Provided data:
--------------------------------

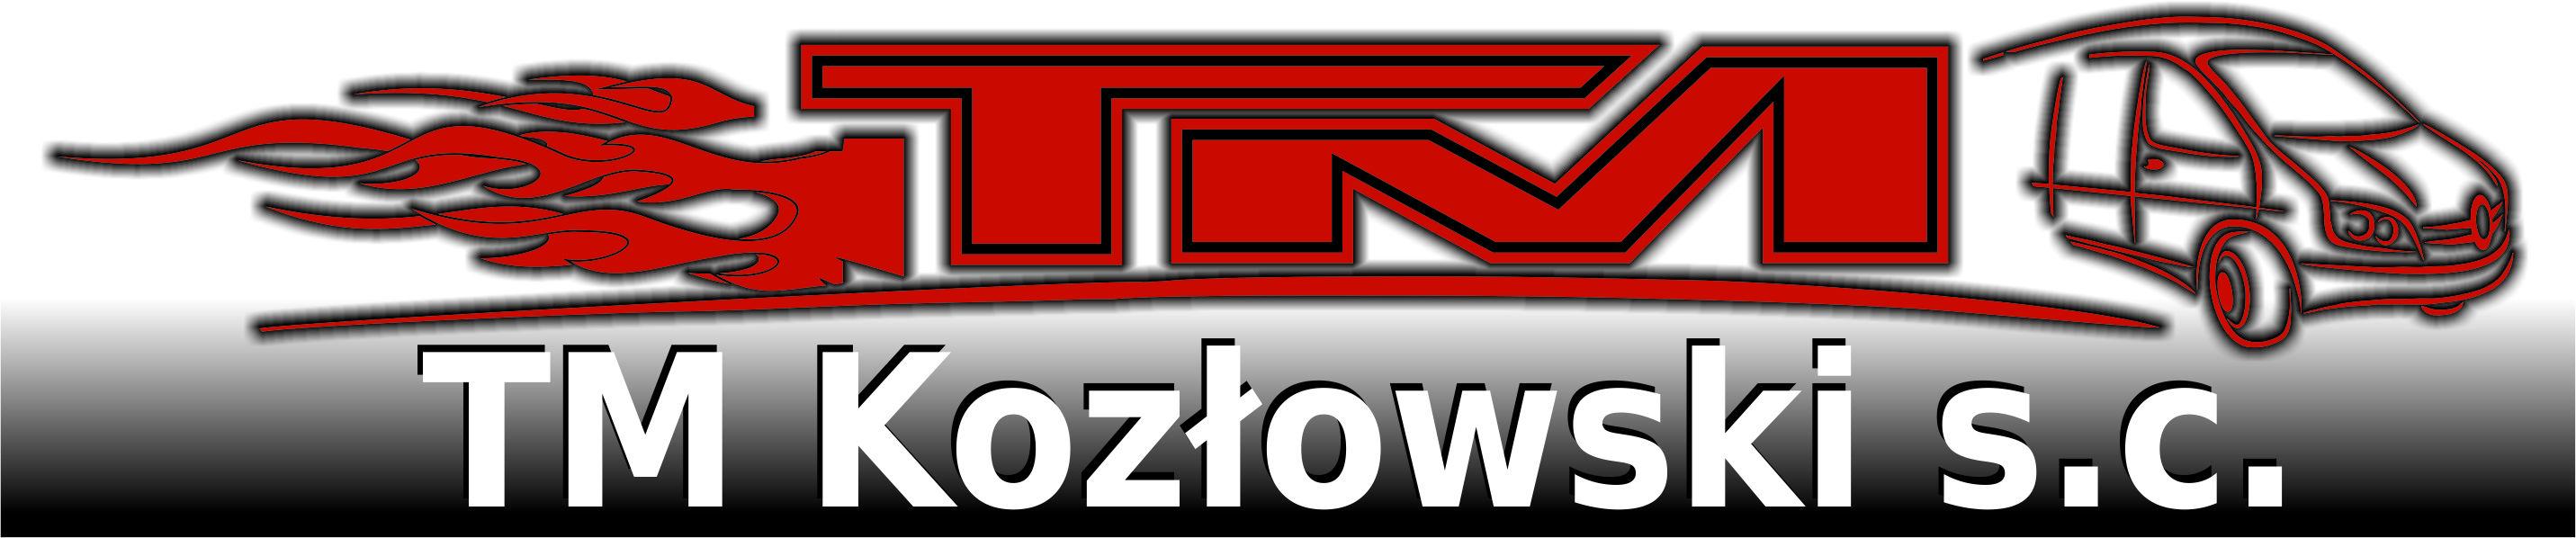 Logo TM Kozłowski s.c.
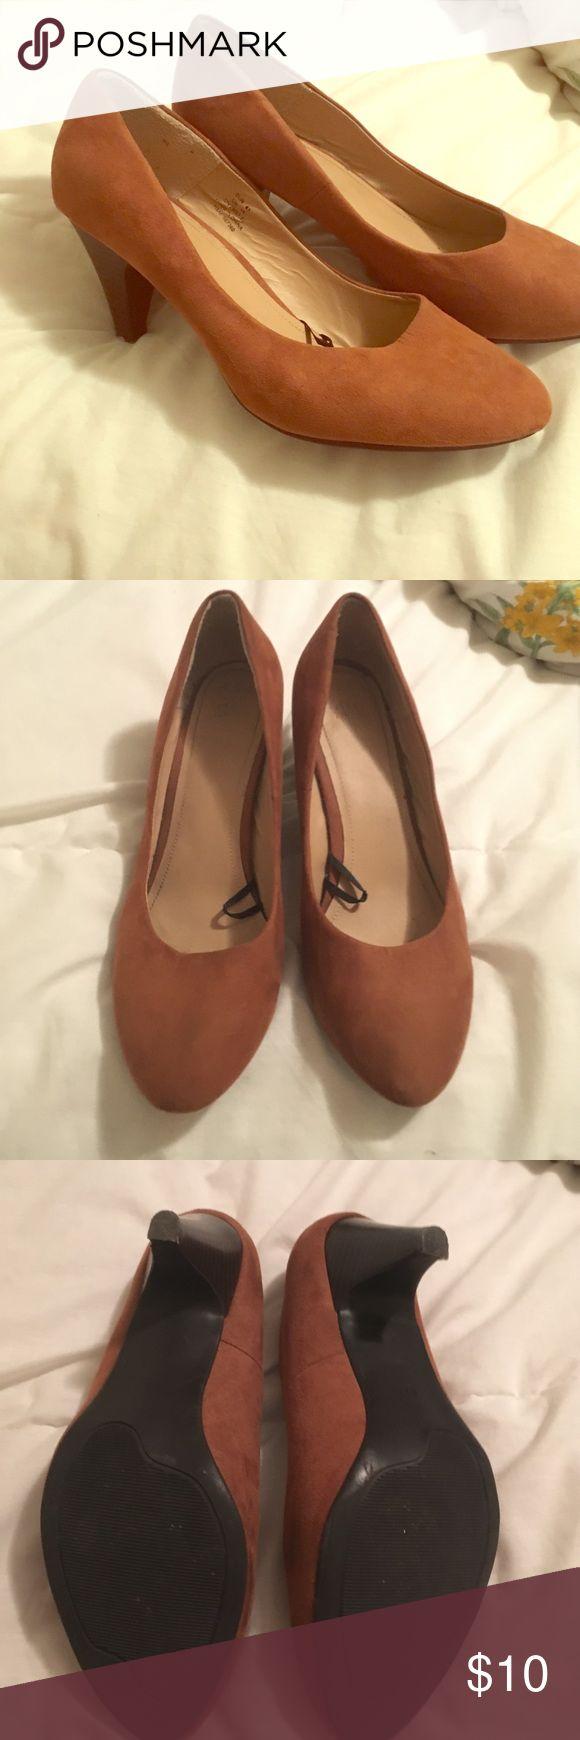 H&M heels Camel-colored kitten heels, in great condition H&M Shoes Heels
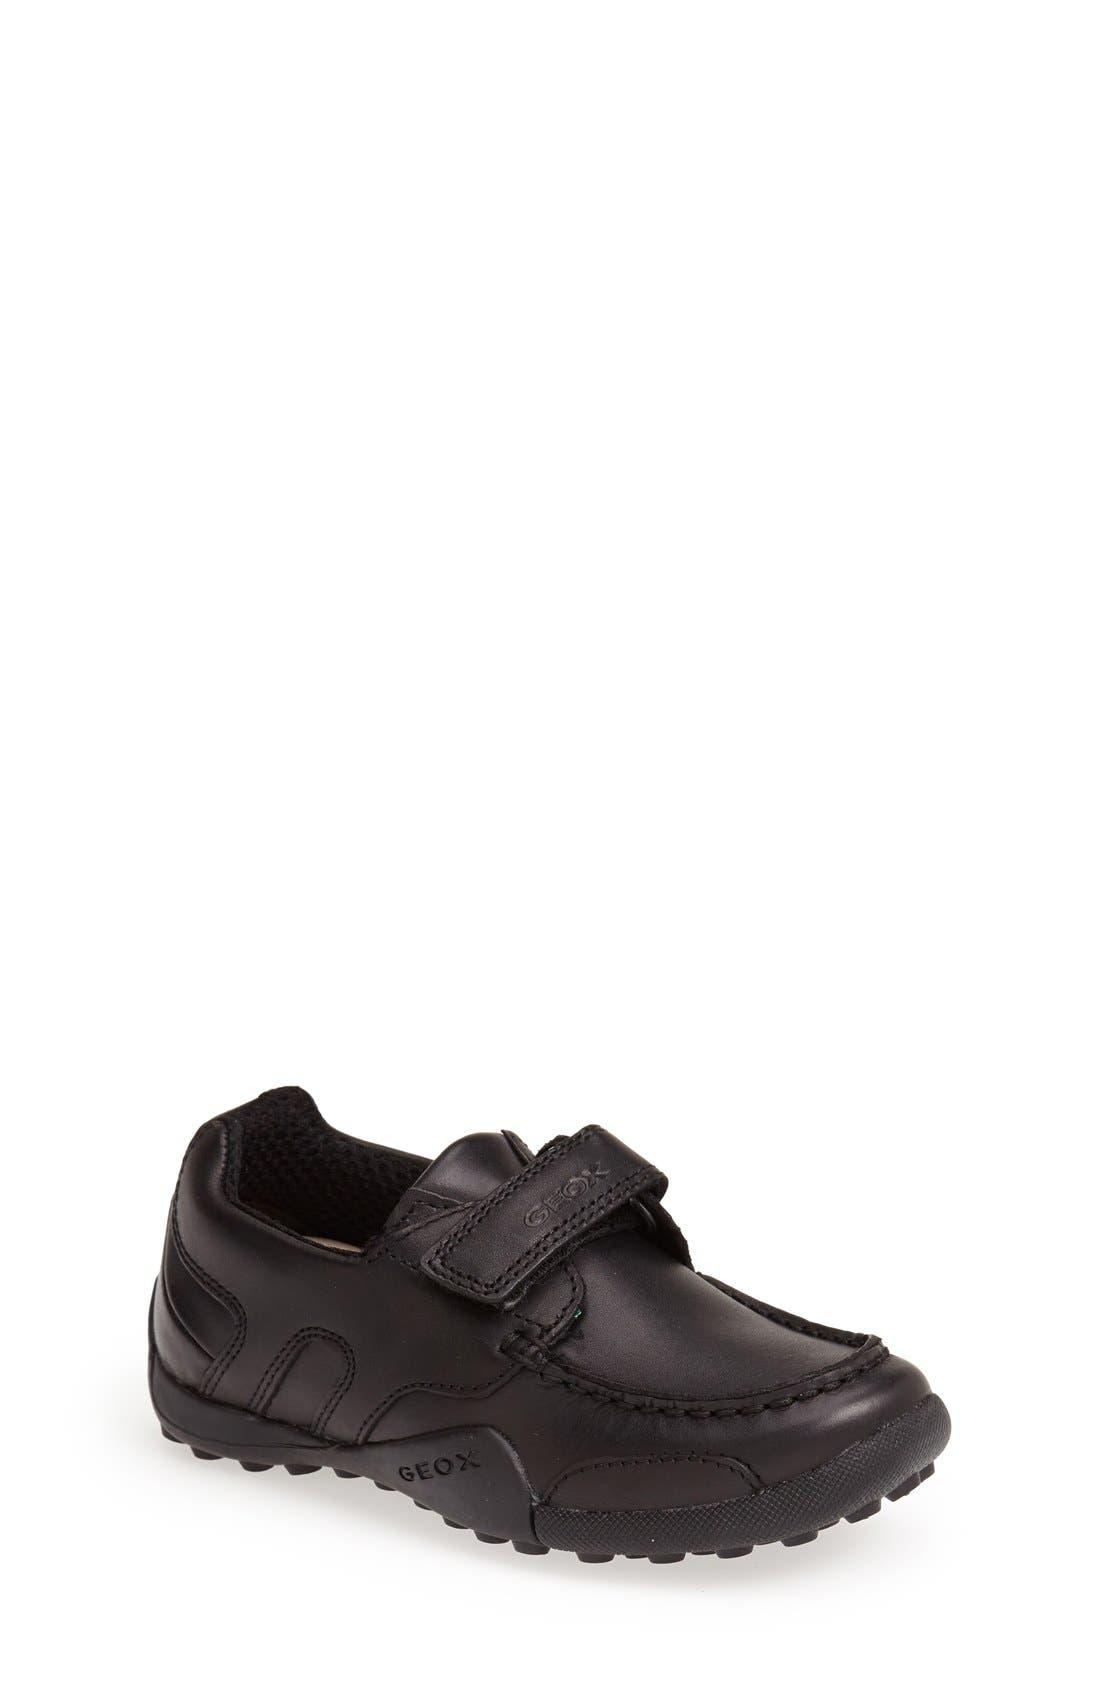 'Snake Moc 2' Leather Loafer,                             Main thumbnail 1, color,                             BLACK
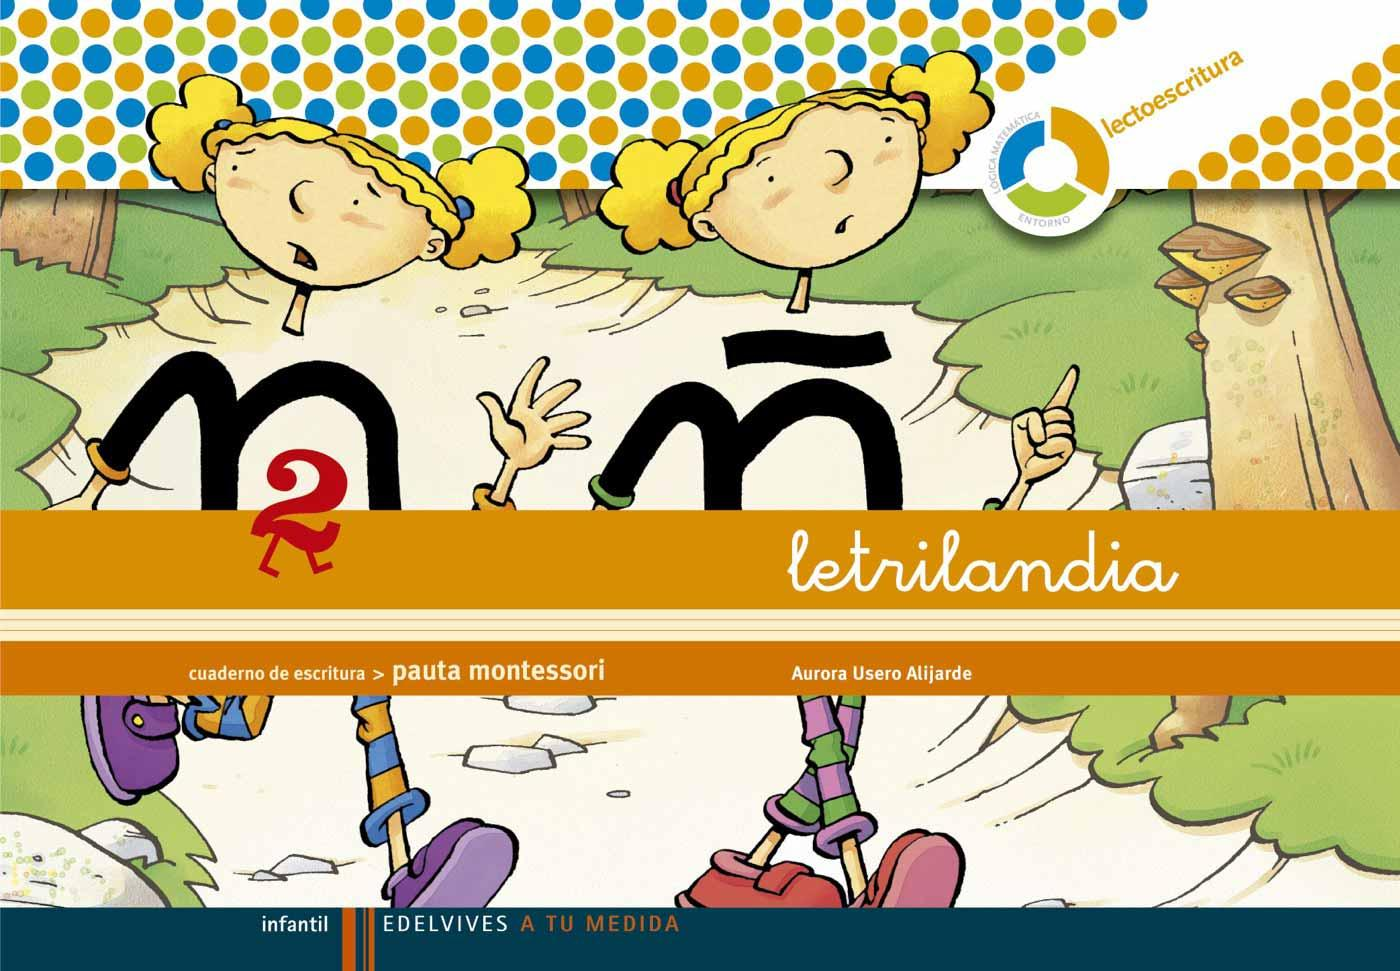 Libro De Texto 3 Infantil Letrilandia Lectoescritura Cuaderno 2 Pauta Montessori 10 26
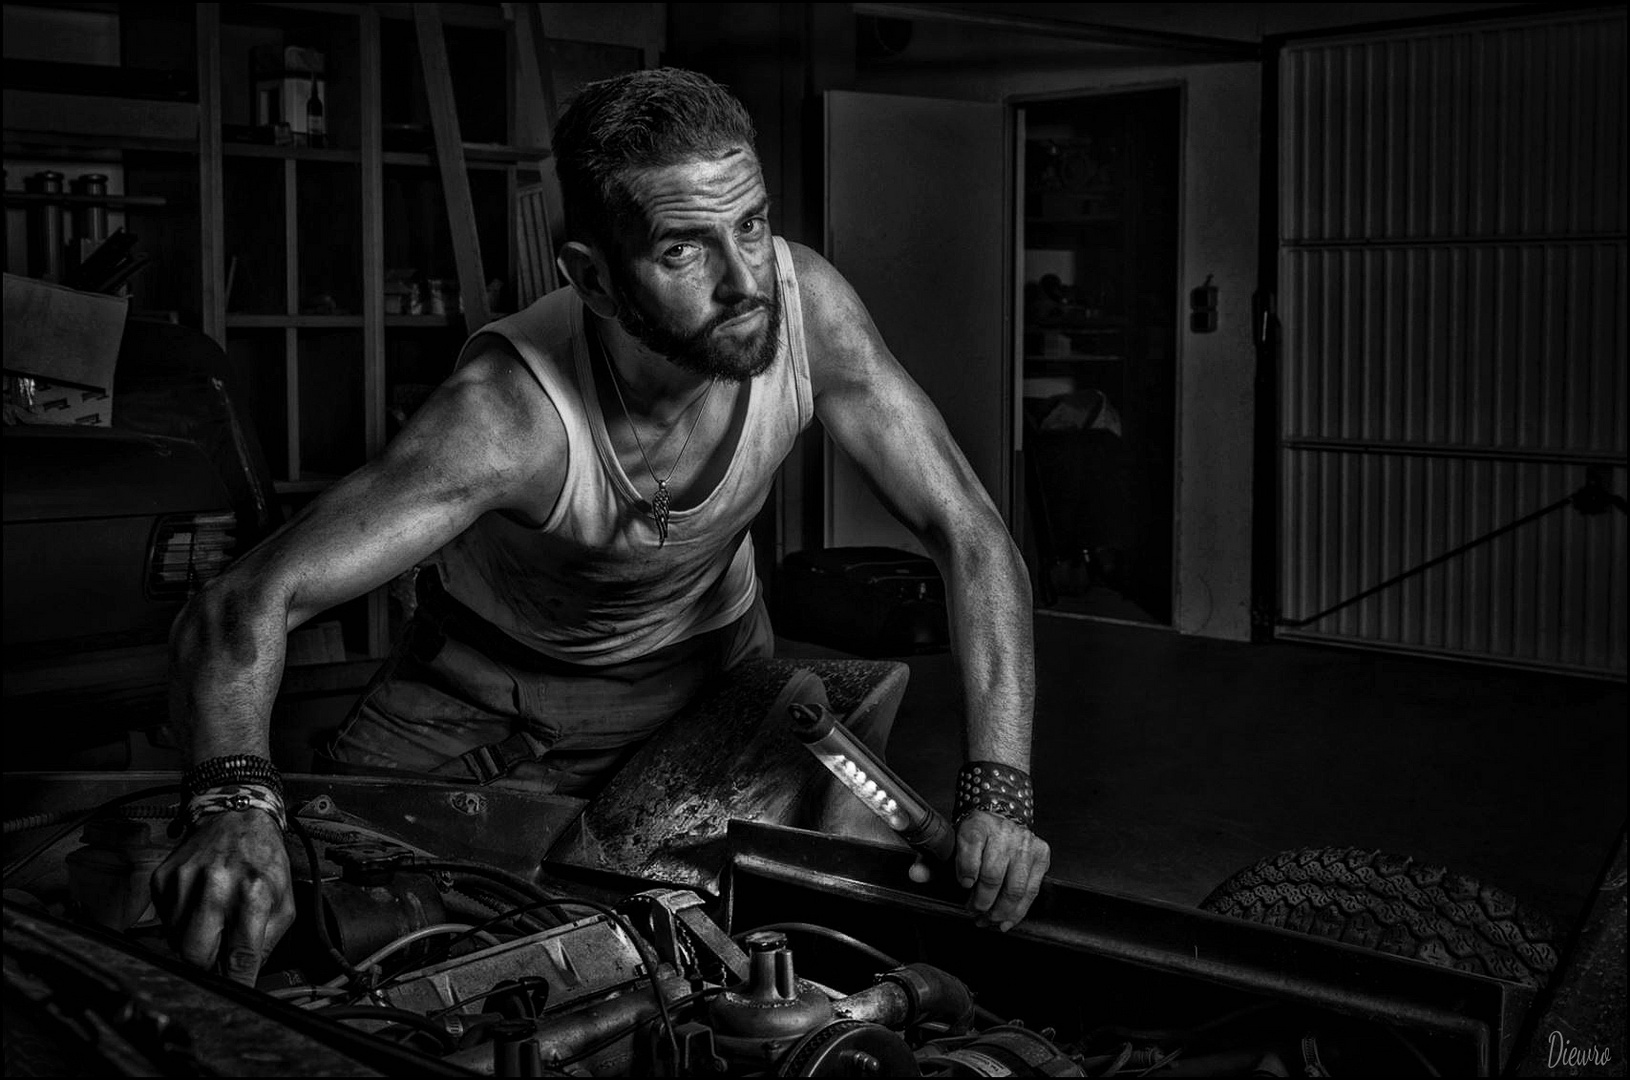 Car mechanic man

--------------------------------

Aim of the exercise:
What is needed is a verbatim copy of the lines from the line with "Moc 2' Leather" through the last line of the listing, pictures excluded.

The completed task:
 'Snake Moc 2' Leather Loafer,                             Main thumbnail 1, color,                             BLACK
 Libro De Texto 3 Infantil Letrilandia Lectoescritura Cuaderno 2 Pauta Montessori 10 26
 Car mechanic man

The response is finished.